Examples of interfaces in progress: Proposing corrections to darwin core specimen and observation data. Thumb up /thumb down for accuracy or value of specific data elements, particularly common names and images - is this common name (in french, but not coded as such), as valuable as this common name (australian). Annotations of BHL - article boundaries in journal runs, linking species data (species descriptions, protologs, etc) to species names. Identifying illustrations in the literature to the relevant linked data (the species shown in the illustrations, the specimens shown in the illustrations), here user annotations become very interesting.

Use Case: Propose Correction.

Use Case: Rate Value of Linked Content/Property values. Use Case: Collect Feedback. Use Case: Tag properties.

Use Case: Tag identifiable objects with Properties.

Use Case: Annotate Structure of Documents.

Use Case: Annotate to link portions of documents to related data.

Annotation Agents: Specialists, General Public, Software.

Less yet concentration on workflows, distribution of annotations, chains of annotations.

Annotation typically coming from a source outside the set of standard data providers. Very open world concept of anyone can add assertions as properties to identifiable objects - visualization of who is saying what very interesting. Vision on IT side to ask what kind of tool that will allow you to see all of information from original sources with subsequent assertions, with level of trust slider to display changing links in graph.

Some stages of concepts: record is (raw) original data in darwin core. Record is internally augmented (e.g. standardizing use of names) by source. Record has added corrections from subsequent sources. Record has added properties with cardinality of one to one. Record has added properties with cardinalites other than one to one. Compositonal rules of how annotations are supposed to relate to the orignal source data. Variable cardinality an interesting issue.

Discussion

Are there conventions we need to devise within the domain? Links between objects?

William: Are there categories of annotation at the annotation level? This is a georeference that corrects your data.

Amanda: There's a typing layer between Annotation and DomainAnnotationConventions. Refinement of annotations. New Georefernce as a refinement might require different elements than a New Georeference as a correction. Risk of not typing is having all possible properties available to users when making annotations, without some typing of understanding the purpose of the annotation and the sorts of things that might go into it.

James: Can we handle a very substantial set of cases by defining a small set of Domain Annotation Conventions.

Annotation has a subject. Some domains might have subjects (identifiable objects) for which a particular type of annotation does not apply. Do we allow people to make assertions that we can't understand.

(?) Multiple actions. Can we make multiple assertions in the same annotation.

Is the DomainAnnotationConvention layer simply a user interface issue? Is typing of annotations relevant at this level?

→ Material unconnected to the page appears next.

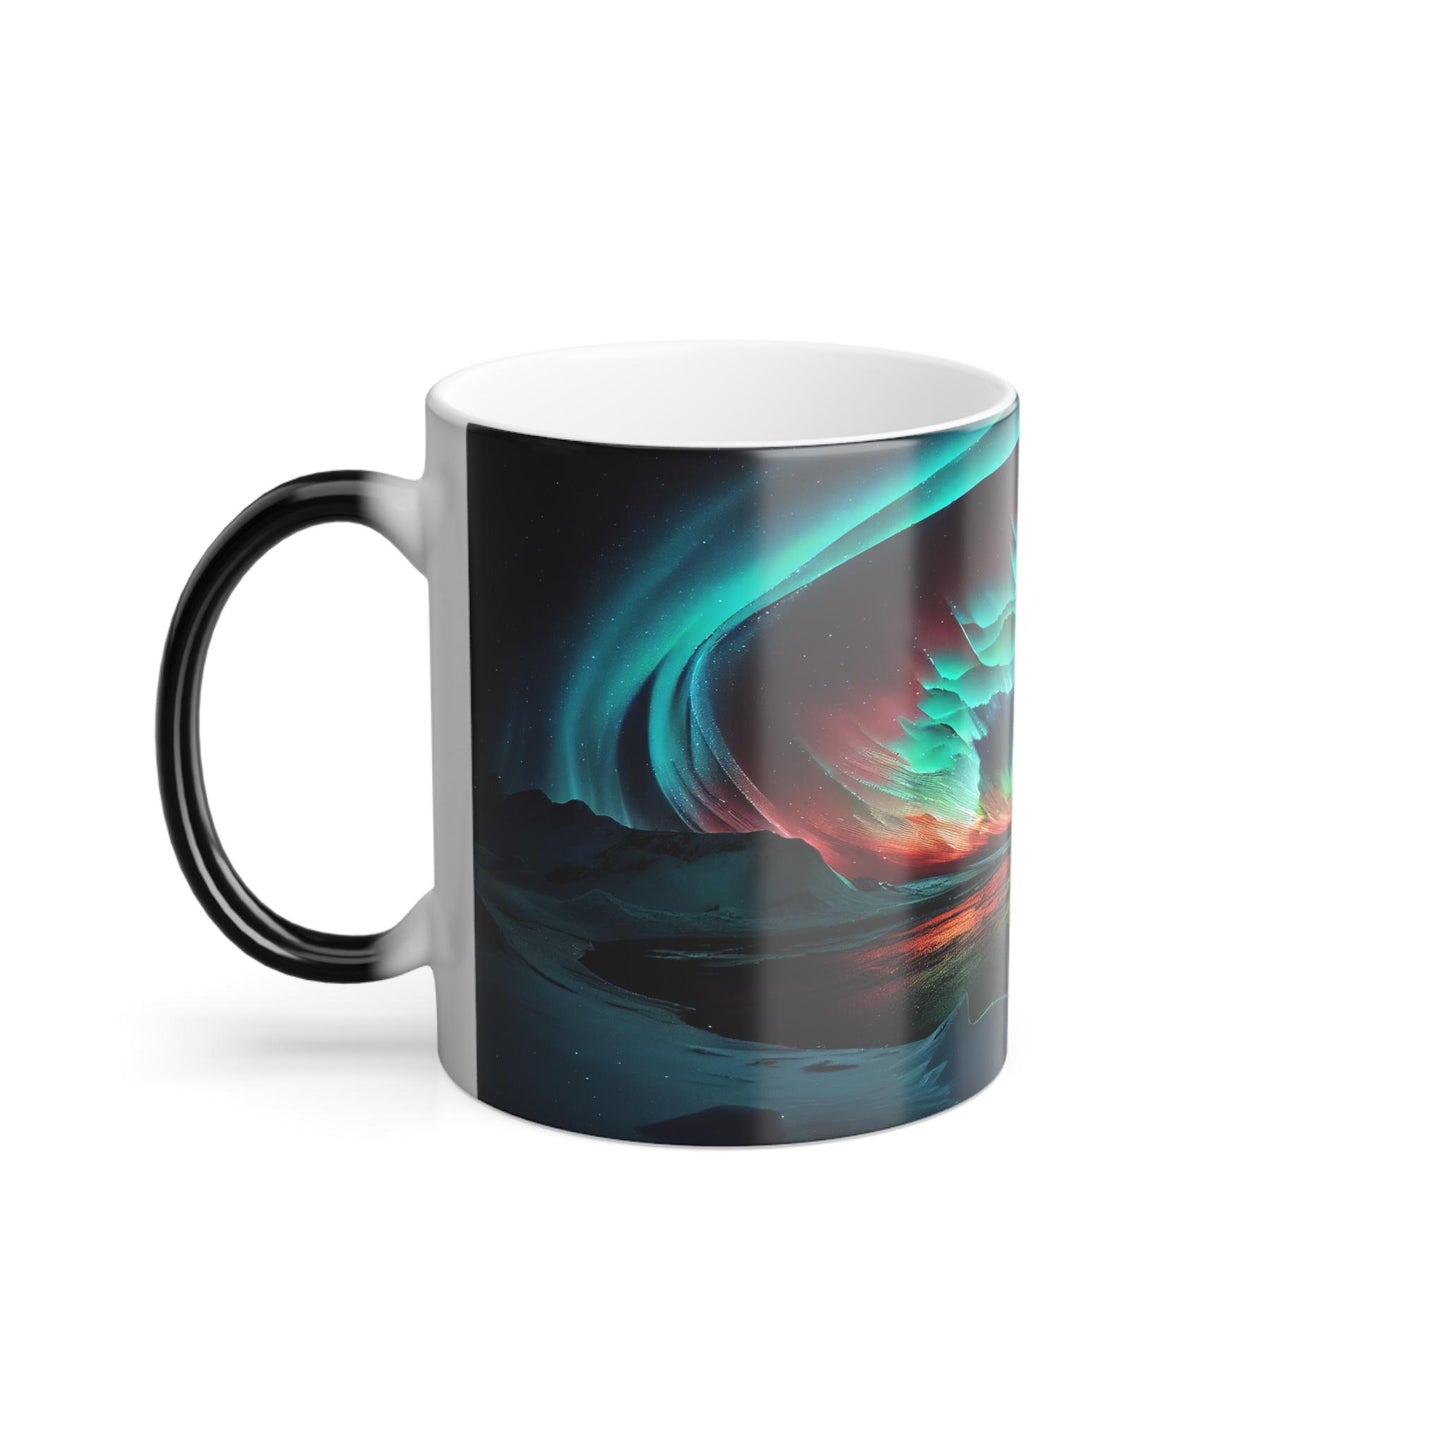 Enchanting Aurora Borealis Heat Sensitive Mug - Northern Lights Magic Color Morphing Mug 11oz - Heat Reactive Night Sky Coffee Cup - Perfect Gift for Nature Lovers 24

These look like actions that the annotation proposes.

(?) Person making annotation may not know what the action to be taken should be.

(?) Tie at the user interface level the actions to be made to the choice of domain. Subject is a specimen, motivation is a correction, inferr that this is a determination. Generalize to the actions to be taken by the

Pete: Domain Annotation Conventions look like a controlled vocabulary for expectations, or the expected consequences that the annotator would like to have happen on the object. DomainAnnotationConventions as just an extension of hasExpectation for the domain. Controlled vocabulary extends what the annotator intends for the annotation.

Zhimin: Domain Annotation Conventions connects the general concept of annotation with domain specific vocabularies - how to draw connections between the domain concepts and the motivations and expectations.

Pete: Annotation hasPurpose: Deliver a new determination. Different from has motivation "to give feedback to the author of the dataset" hasMotivation sounds too subjective. Purpose of an annotation sounds very helpfull. Has purpose tied to a controled vocabulary? My expectation might be different if I am annotating a piece of my agency's data than if I am annotating someone elses data.

Jason: Has expectation is likely to differ from the user who submits than in the underlying systems.

(?) From perspective of collections database administrator in having people improve my data, I'm interested in the subject, the annotator, and the content, much less so in the expectation or the motivation or the evidence. I get to choose which things I accept.

James: Can you annotate your own data?

(?) Wikipedia style approach, annotation rolled back, describable, motivation describable, but very optional. Changes made can easily be tracked, reviewed, flagged.

Use Case: Bring annotations of interest to the attention of data curators.

Trust level is a optional choice of the data curator.

Conclusions: hasMotivation very subjective. Propose replacing with hasPurpose. Domain specific values for has purpose handle the DomainAnnotationConventions layer.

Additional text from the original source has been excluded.